Years ago I had the privilege of working at Walt Disney World in Florida. Aside from the tippy top customer service skills and cultural brainwashing I went endured, I came away with a couple of interesting urban myths about the Disney machine.
One that sticks in my mind is about death. The rumour mill ran this way – even if someone had a massive coronary in the middle of Main Street USA, regardless of what the witnesses said or frankly what the pulse the person grasping their chest indicated, this person would not be declared dead until they were outside of Disney property. Why? Because no-one dies at the happiest place on earth. Got it?
This came to the forefront of my mind recently as I was discussing with a friend what my next steps were for a script project of mine.
“How long have you been pitching it?”
“About 6 months”
“6 months. And you haven’t had any interest?”

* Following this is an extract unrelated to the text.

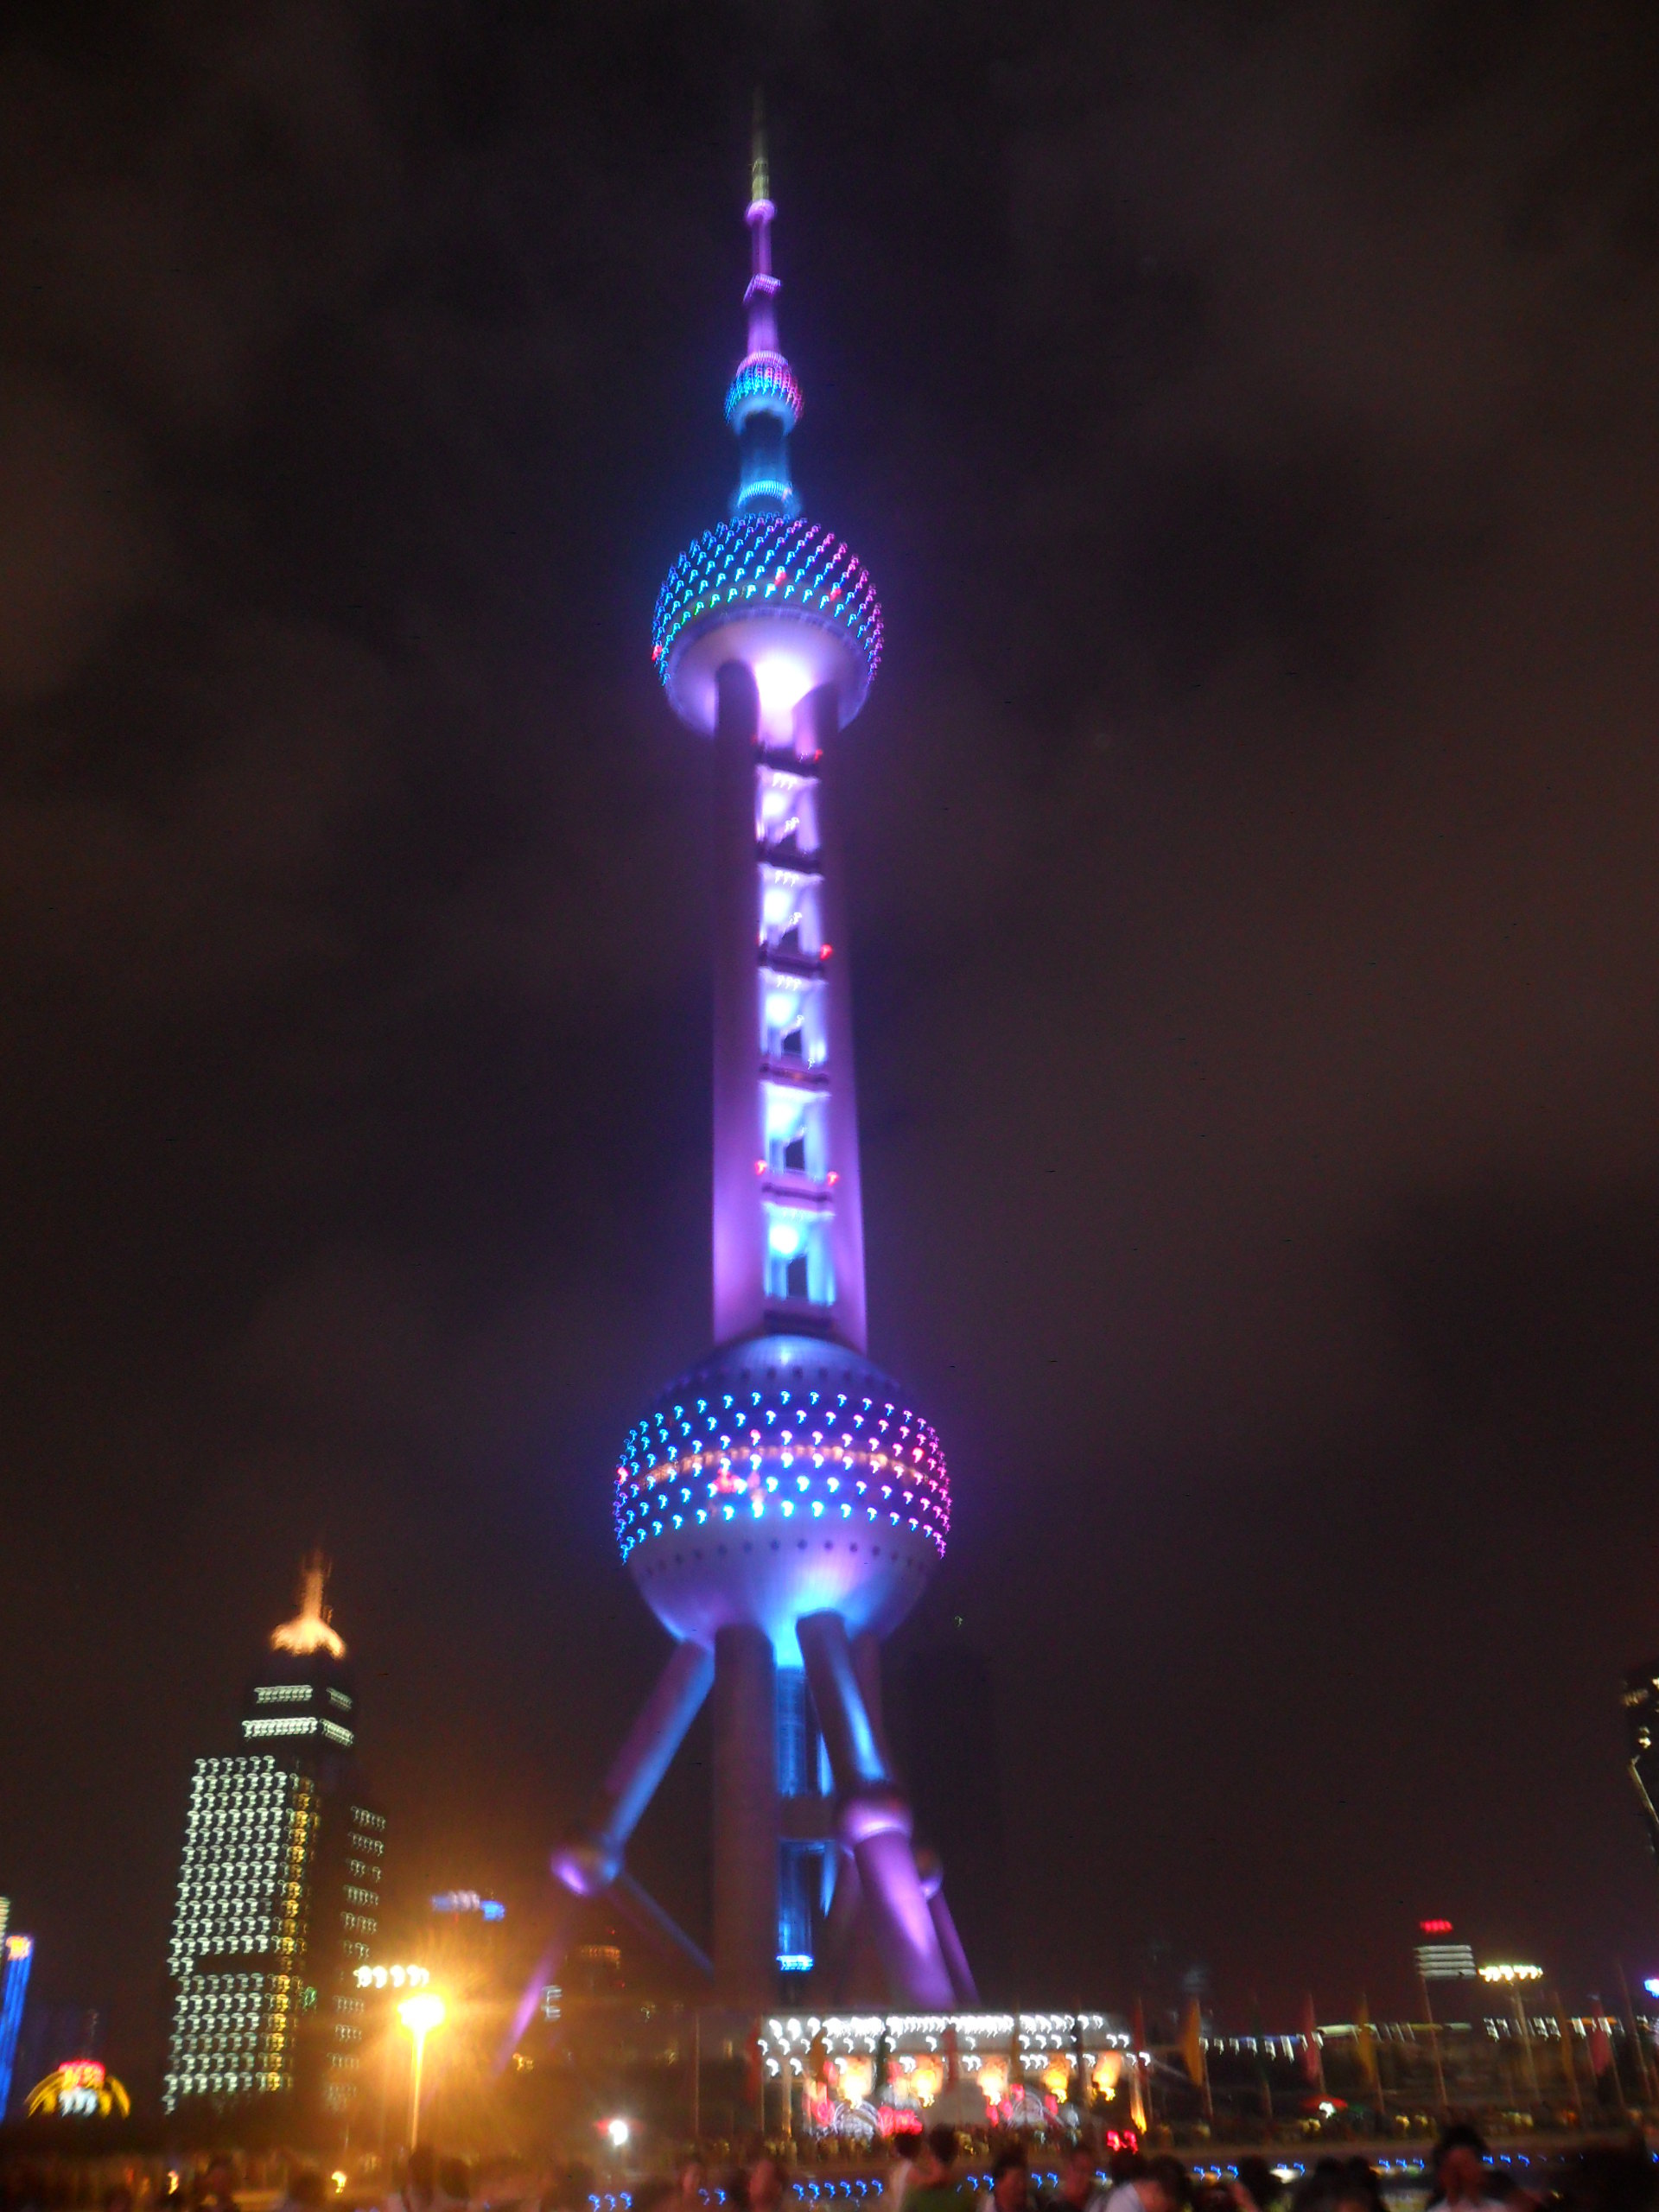 【携程攻略】上海东方明珠景点,东方明珠广播电视塔是上海的标志性文化景观之一，位于浦东新区陆家嘴…

“Some interest but they haven’t followed through”
“Then put the flogger down and step away from the dead horse”
When is your script dead?
It got me thinking, when do you actually declare your script dead? Or at the very least retired. When it falls down dead at a pitch meeting? When - no matter how much you try and revive it - the premise just isn't getting interest?
If you have been pitching it and getting no where, maybe there comes a point when you take the non-performing project off your "pitchable projects" list and make room for a new one.
But when? How long is long enough to see if there is interest in your project?
To my mind I think you have to train yourself to understand when the right time to let go is FOR YOU. Sometimes you might let go too soon, sometimes too late, but hopefully you will learn when to gracefully put the script down and mumble the last rites.
After all, it might be that the script is not dead, it's just awaiting an audience.
Dead Script, Learning Experience or Tomorrows HOT option?
Dead Script Example One – Let it die and never speak of it again - Oliver Stone, or so the story goes, wrote about ten screenplays before he sold one. He never did anything with the first ten screenplays but he sure as shit learned enough from writing them to get one sold!
Dead Script Example Two – The undead scripts of the overnight success - Quentin Tarantino waited until Reservoir Dogs made him HOT property before he pulled True Romance and Natural Born Killers out his drawer. Both scripts he had tried and failed to sell before, but this time with Dogs behind him they suddenly got traction and cemented his reputation.
And as to my script, you know, I'm not entirely convinced the horse has died...perhaps it has somewhat of a gammy leg but I've not actually gone hell for leather to pitch it. If I pitch it properly and by the end of the year it's still getting as much interest as a man in grey sandals at the Lib Dem conference then I'll put it in the pre-cycle pile. Deal?
Enough about me, I want to know what are your rules around when you stop pitching a script and retire it? Do you have any stead fast ways of knowing whether you should invest time and pitching opportunities in it? Care to share?